白菜、蘿卜、大蔥都長得像他們家親戚。在高坪村,天和地展開畫卷,大地上,萬物皆是他的詩篇。彎腰插秧的人是在稻田這張波光鱗鱗的白紙上寫詩,而稗子則是無意間種下的錯別字。馬桑樹由喬木墮落至“灌木”,麻雀幾乎絕跡,雪消失了,這是人對環境的破壞的直接后果。惟有簡短、直接,才有力,這是他的寫作策略。珍珠般的詞語里暗藏著批判和激憤。他并不是不食人間煙火的詩人,不沾塵埃的露珠。
他蟬一樣飛走,村莊成了他身上蛻下來的皮,他與村莊隔著一塊汽車玻璃,他成了夢中的旅人、旁觀者、過客,與土地的聯系疏遠使他恐慌,讓他失魂落魄。這是他痛苦的根源。他在集市上看到紅苕秧和海椒苗,一束稻草捆著腰身,站在旁邊賣它們的農人也是一模一樣的打扮。他有買下秧苗回家種地的沖動。盡管有點小資視角,但這個畫面還是很感人。龔灘的浪、板溪的紅葉、南莊的李花……他是個孤傲的詩人,他愿意袒露自己的靈魂,卻不想暴露自己的身份,有時候不小心在白云、花草、月光、田園里捎帶一點個人勵志故事,在秋風撕扯的芭蕉葉里、挖斷田埂的鋤頭縫里順便講一段自己的“黑暗歷史”。曾經在偏僻的鄉政府辦公室靠收發室的報刊打發日子,被無邊的寂寞折磨,用電流聲大于說話聲的搖把子電話給遠方不怎么熟的人亂打電話,騎摩托差點摔死在牛磺溝里。最后,總算在縣城里過上安穩的日子。大概,有了這份安穩,他才敢這么激越。
鳥的生活如此簡單詩意,大地上沒有一棵草是多余的。一半是無力與傷感,一半是凌厲和熱烈。他就是牛羊,他就是草木,他知道它們所有的秘密,他要為它們寫傳記。天地有大悲憫,他的文字質地密實,情感濃烈。
《新疆時間》:愛與疼痛
文化風俗散文屬于另一種意義上的鄉土散文。黃毅是生活在新疆的壯族人,他熱愛新疆,了解新疆,對新疆的一切表現出深沉的依戀。他放縱才情,盡情歌頌新疆的美好事物。他善于把控語言節奏,剛強中藏著綿柔,他會把美的要素一浪浪排下來,一絲一縷地往前推,細致而有耐心。在某個恰當的地方匯合,形成一種氣勢,像冰雪溶化后河流的凌汛。他趁勢讓語言的質感大幅度地抬升,詩意漶漫,但他會把握好度,不至于決堤成災。

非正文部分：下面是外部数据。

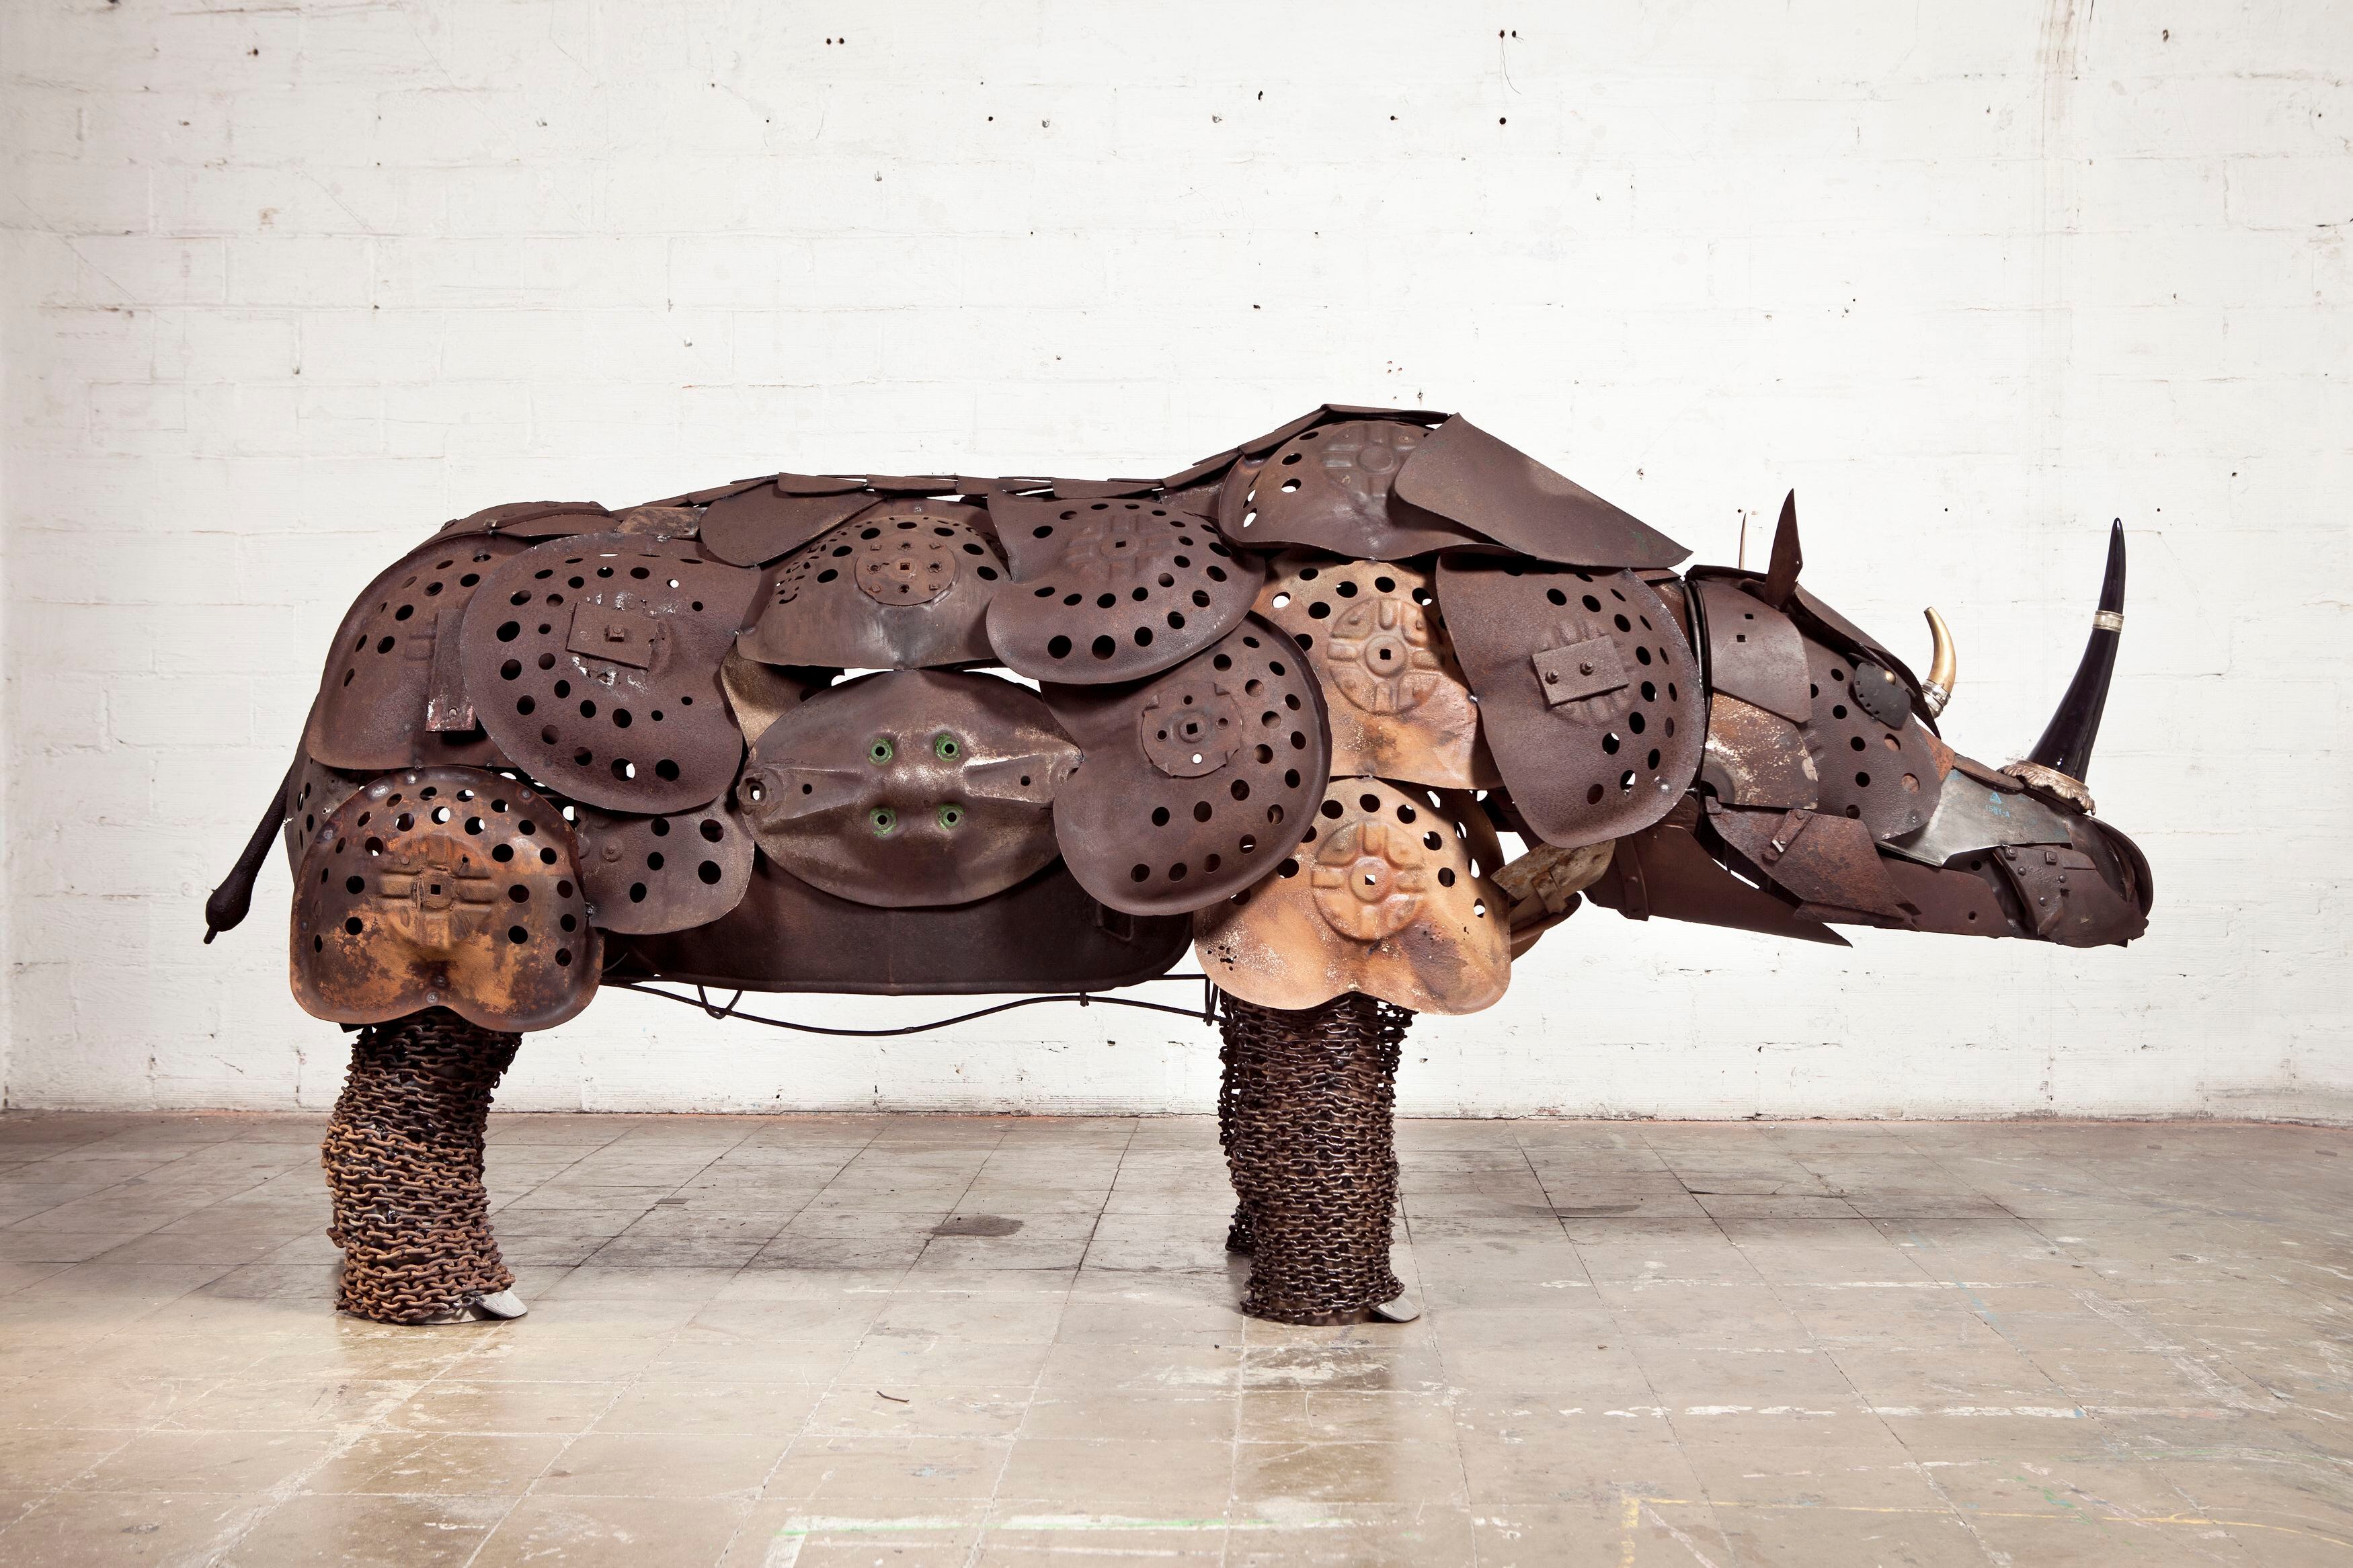 Miquel Aparici crea animales a partir de utensilios de antiguos oficios artesanales y objetos de madera y metal en desuso. En esta fotografía, el rinoceronte que realizó a partir de sillas de tractor antiguas.
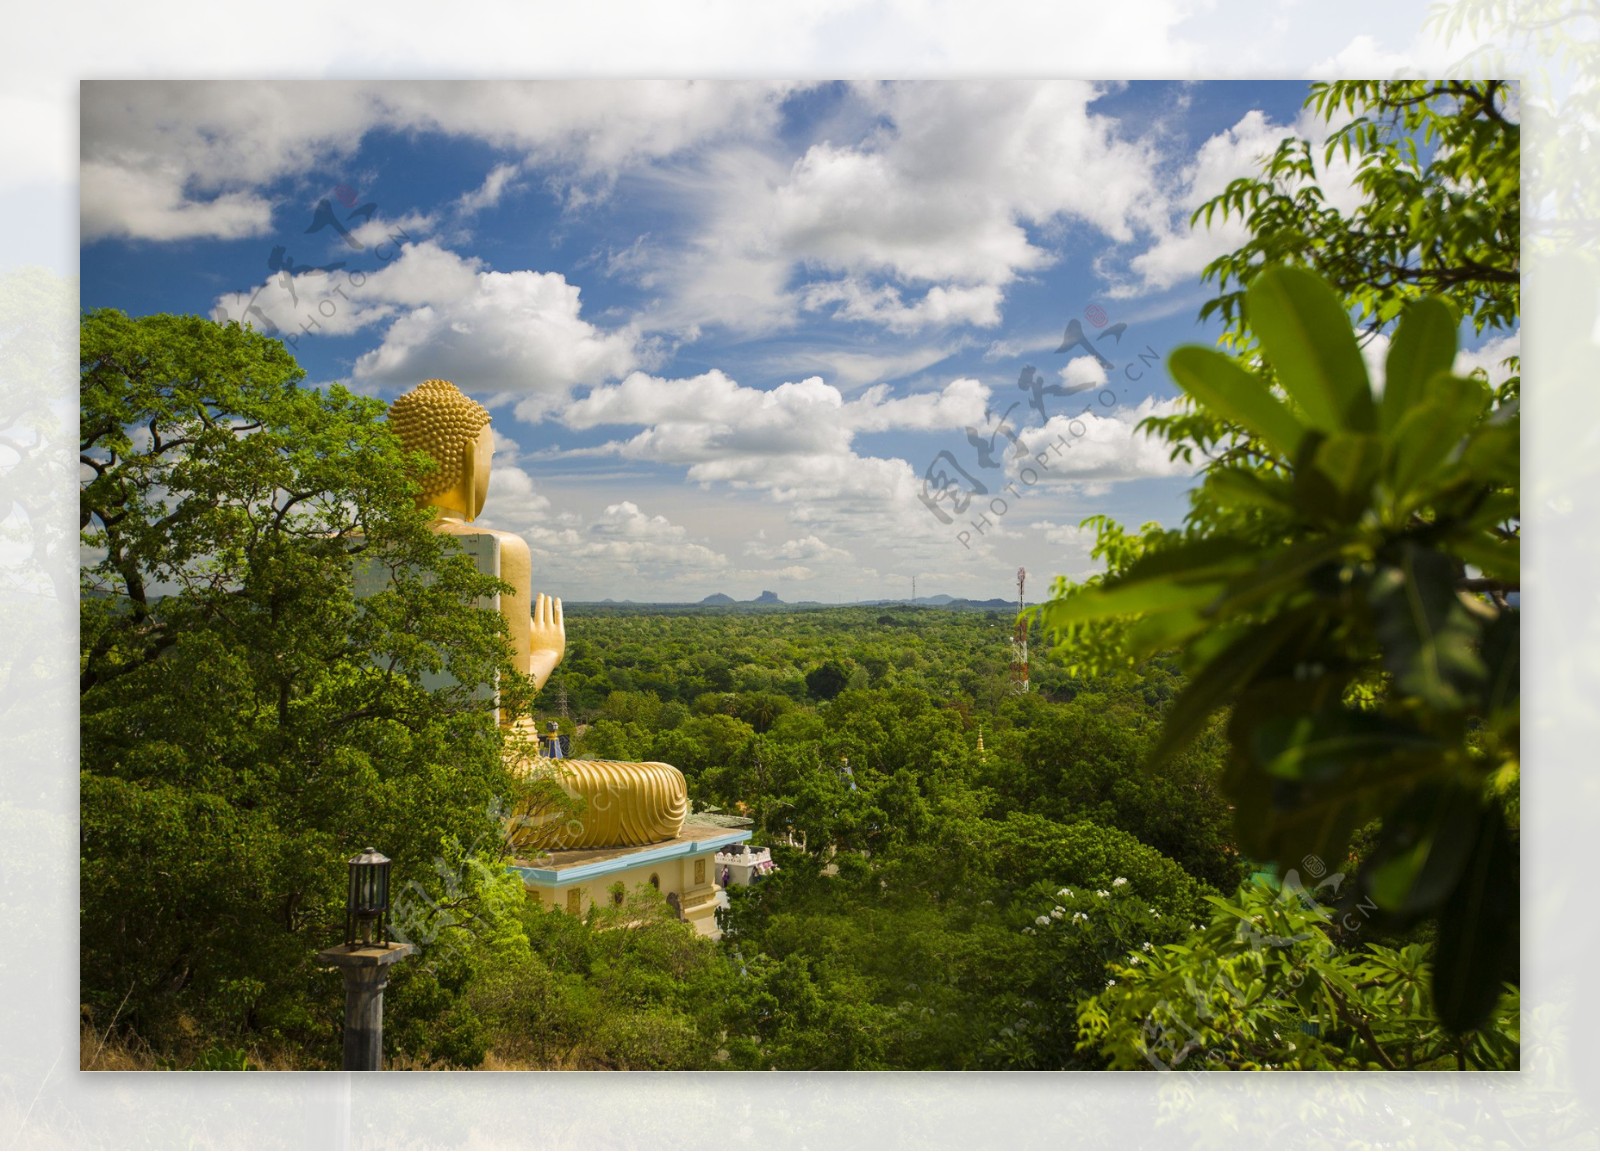 斯里兰卡丹布勒金寺风景

在書中,有作者對新疆文化風俗的追本溯源,還有毫不掩飾的區位優勢帶來的自豪感,以及毫無保留的文化人類學的呈現。他把新疆的大氣磅礴給擬人化,山川沙漠都有男性的陽剛,“草原的汗毛上流動著牛羊的汗珠”。春天的花是雪花和野兔爪印。而真正的花到夏天,成了春天的省略號。夏天急急火火地奔來,一身勇猛的綠。“這些綠仿佛刀刃上的寒光。”秋天是奪目的力量。冬天則像成吉思汗的馬隊,“所到之處,草木皆冰”。那么“酒是活的靈魂”怎么解釋?在新疆,不喝酒不算什么美德。你甘愿自行放棄話語權,陷入失語的尷尬。新疆人去外地,人們會說“一看就有新疆人的味兒”,這個味兒其實就是指新疆人眼神中有羊的純凈和牛的強悍。
新疆的美食最核心的環節就是吃羊,各種烹調手法極其講究,他用很多篇章說到羊肉,細述其手法和配料,然而食肉的人類,道德上的罪惡感如何消除?“一眨眼工夫,羊就變成了羊肉。被剝了皮的羊,精赤巴條地躺在自己的皮上,讓所有目睹的人感到羞恥、無地自容。”但人們會把這個罪惡擇得干干凈凈,“這是老天定下的規矩,讓你升天,我來幫你。”人享受口腹之樂后,矛盾和問題堅硬地存在著,無法消解。當然也有“戴乳罩的母羊”,“一槍打死24只羊”這種表面看起來離奇的事件,其實還是要強調人在動物面前的罪感。作者自己也沒能解決這個問題,他愛羊,愛草原,知道人占了好處,狼背了惡名,他既強調“人多羊少”越來越不夠吃,卻又忍不住要渲染“奇香鮮嫩”、帶著粉紅的手抓羊肉,故意刺激人的味蕾的綻放,惹得四面八方的人奔赴草原,去品嘗美味。他是個“覺悟者”,但依然這么痛苦。
文化、歷史、風俗,這種知識性的文章,光有情感還不夠,還需要運用數據、索隱,像做科學論文那樣,有很多冷靜理性的分析。古城,絲綢之路與黑石油,大銀行,列寧銅像的歷史勾沉……眾所周知,新疆土地面積之廣大,歷史之久遠,文化遺存之豐富,不是一兩篇文章說得清的。有關樓蘭、龜茲的考證和傳聞,也涉及外交、戰爭、宗教、探險、科考,十二木卡姆與喀喇汗王朝的關聯,哈薩克人的彈唱里藏著多少古烏孫人的浪漫。從錫伯人的控箭搭弦、塔吉克人的鷹舞追索上古太陽部族人對自由的向往。而《野馬之殞》這一類敘事氣象濃烈的文章,是從馬的起源、發展史,一直寫到野馬的王位爭奪戰,那里有“烈焰”和“銀火”相愛相殺的故事。作者用愛撫的眼神打量一切,了不起的人民在這塊土地上創造了輝煌的文化。他的歷史散文融合了知性與美,語言隨著情緒自然流淌,如沙漠向遠處延展,如河流隨地勢而行。
他要盡情書寫大美新疆。沙漠、河流、高山、森林……因為愛,他情感抵達之處,便有音樂的流動感和畫面的色彩感。“時間是隱形的河流,河流是具象的時間。”